I’m getting started with PyTorch and following the 60 minute Blitz tutorial on neural networks.

When defining a new Conv2d layer, one passes (input_channels, output_channels, kernel_size). But when accessing the layer’s parameters by calling .parameters(), the result is [output_channels, input_channels, kernel_dimensions]. What is the rationale behind putting the number of output channels first in the latter case? I found this to be very confusing.

This is the shape of the Tensor that represents the weights. You can think of the Conv2d operation as matrix multiplication (simplified):

```
(m x n) . (n x k) => (m x k)
```

replace `m`

by `output_channels`

, `n`

by `input_channels`

and `k`

by `n`

, and why `output_channels`

is the first dim in the params should make sense to you.

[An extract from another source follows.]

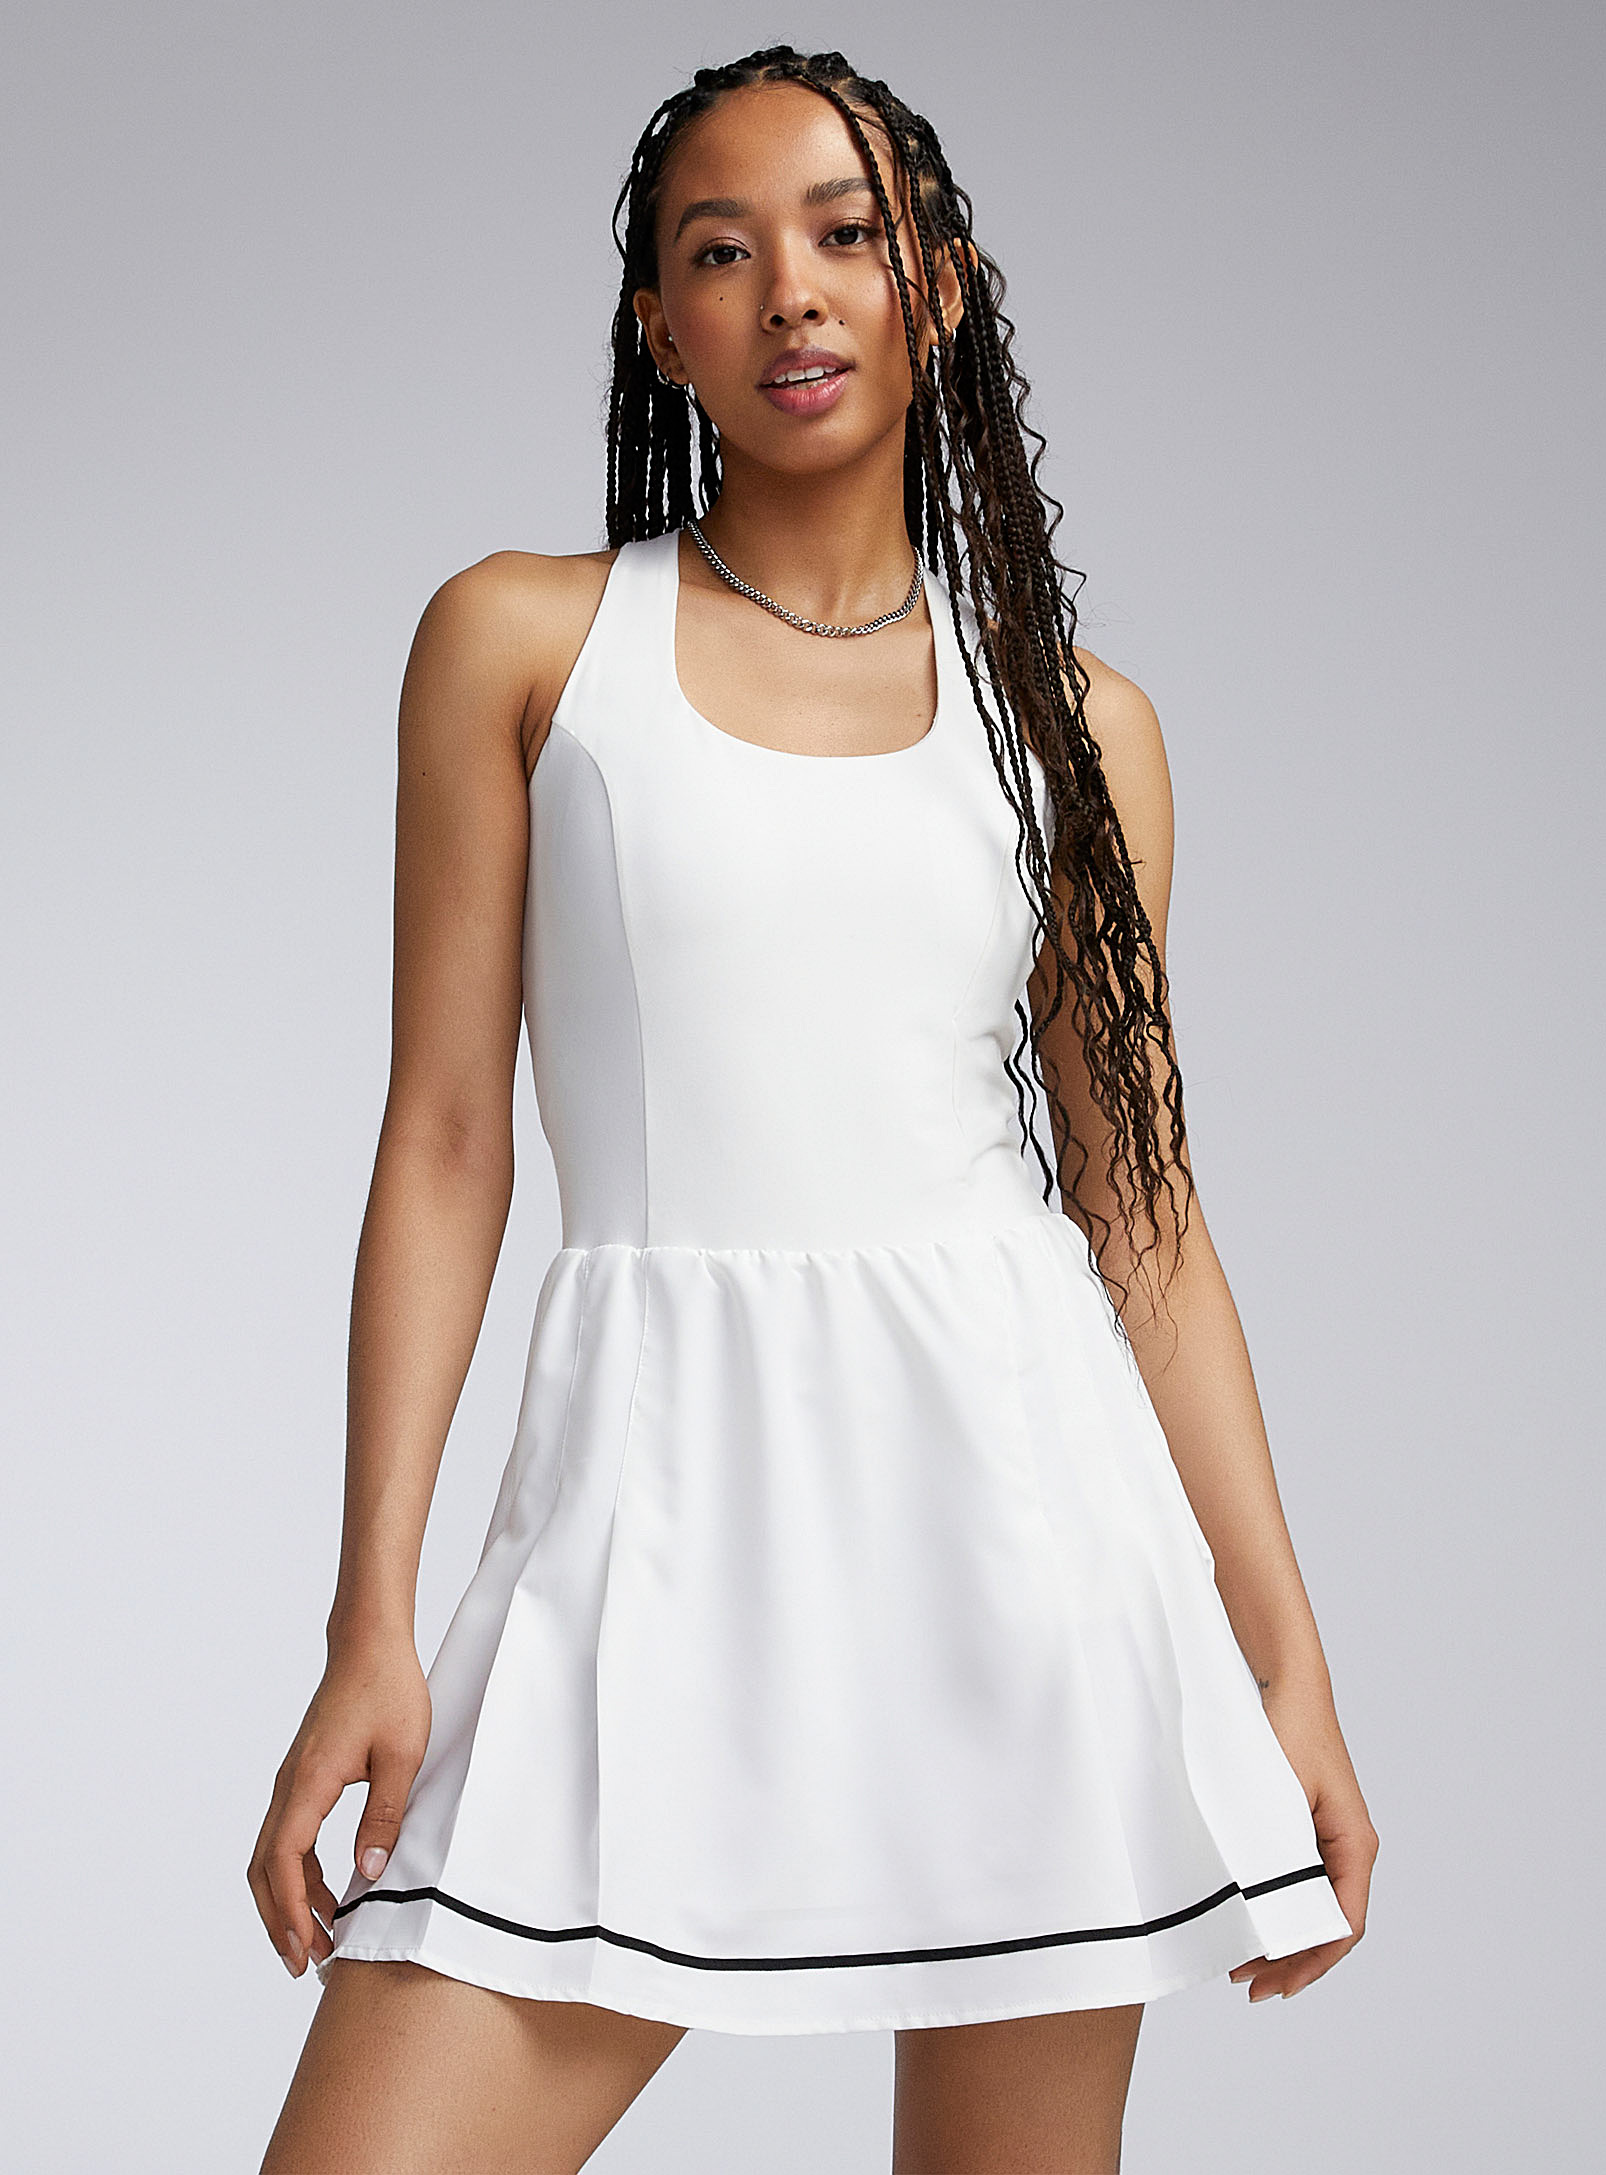 Twik Contrasting Band Tennis Dress In White

Thank you for the quick response. Let’s take a look at a concrete example: I have an input tensor of shape (1,1,32,32), and a convolutional layer with weights of shape (6,1,3,3) as per .parameters(). By taking a look at the corresponding one-layer neural network I see that its output has shape (1,6,30,30). Ignoring image-dimensions and kernel-dimension, according to your heuristic one should get:

(6 x 1) . (1 x 1) => (6 x 1), but by looking at the output we can see that this is not the case, and instead the dimensions are interchanged. This is very unintuitive and confuses me.

Let us ignore the batch size for a moment (which is not part of the `weight`

shape). Let us take something else than `1`

for in the `input_channel`

, `2`

. You have `(2,32,32)`

, you want (6,30,30). Omitting the data dimensions, what happens is: `(6 x 2) . (2 x 1) => (6 x 1)`

. Note that the final `1`

dim has been *appended* in the input shape, so you can remove it in the output shape and you end up with `(6)`

.

But by that line of reasoning, couldn’t we just as well do the following:

Again, I have (2,32,32) and want (6,30,30). I omit the data dimensions, append 1 in front and have (1 x 2) . (2 x 6) => (1 x 6). Again, I remove 1 and end up with (6). In this way we would’ve kept the order of input-dimension first, output-dimension second for the kernel/layer-weights, identical to when you actually define a layer. Why do it the other way around?

Can someone respond to the point in my last post.